Configuration & Environment Overrides

The cluster definition also supports overriding configuration properties and environment variables, either per role or per role group, where the more specific override (role group) has precedence over the less specific one (role).

Overriding certain properties can lead to faulty clusters. In general this means, do not change ports, hostnames or properties related to data dirs, high-availability or security.

Configuration Properties

For a role or role group, at the same level of config, you can specify configOverrides for the following files:

  • hdfs-site.xml

  • core-site.xml

  • hadoop-policy.xml

  • ssl-server.xml

  • ssl-client.xml

  • security.properties

For example, if you want to set additional properties on the namenode servers, adapt the nameNodes section of the cluster resource like so:

nameNodes:
  roleGroups:
    default:
      config: [...]
      configOverrides:
        core-site.xml:
          fs.trash.interval: "5"
        hdfs-site.xml:
          dfs.namenode.num.checkpoints.retained: "3"
      replicas: 2

Just as for the config, it is possible to specify this at role level as well:

nameNodes:
  configOverrides:
    core-site.xml:
      fs.trash.interval: "5"
    hdfs-site.xml:
      dfs.namenode.num.checkpoints.retained: "3"
  roleGroups:
    default:
      config: [...]
      replicas: 2

All override property values must be strings.
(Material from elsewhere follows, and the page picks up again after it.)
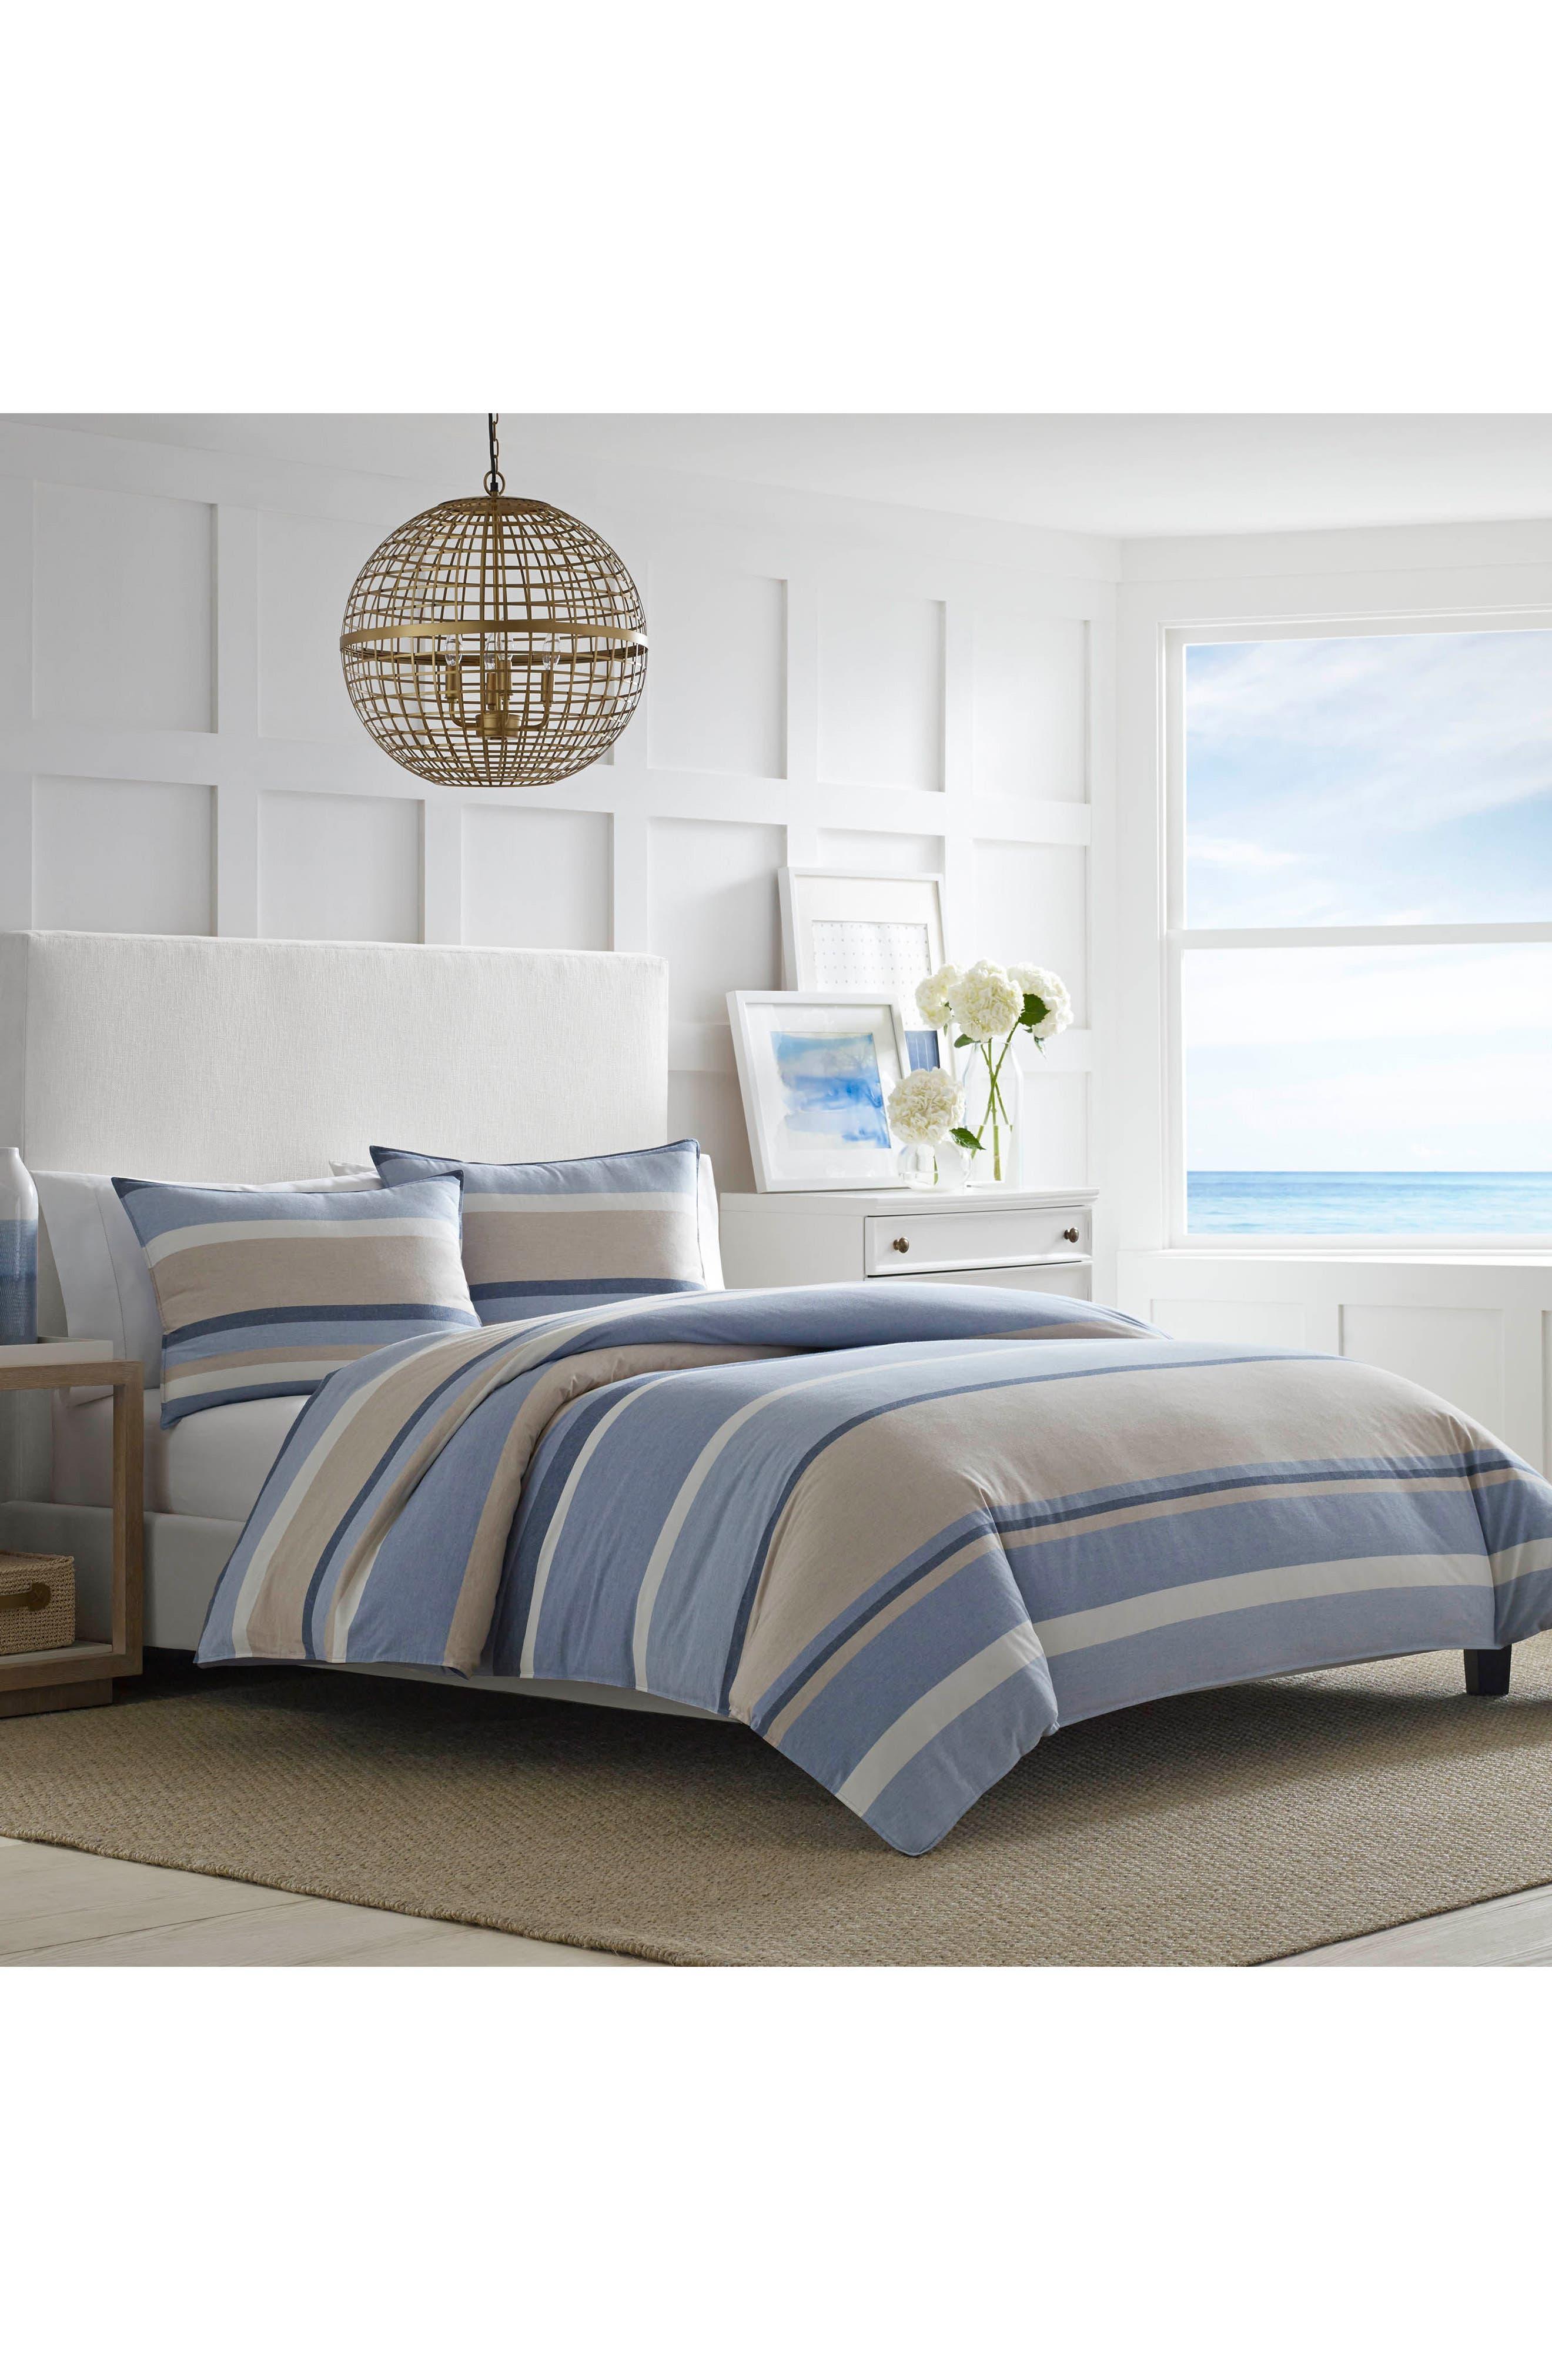 Abbot Comforter & Sham Set,                         Main,                         color, 400

The properties will be formatted and escaped correctly into the XML file.

For a full list of configuration options we refer to the Apache Hdfs documentation for hdfs-site.xml and core-site.xml

The security.properties file

The security.properties file is used to configure JVM security properties. It is very seldom that users need to tweak any of these, but there is one use-case that stands out, and that users need to be aware of: the JVM DNS cache.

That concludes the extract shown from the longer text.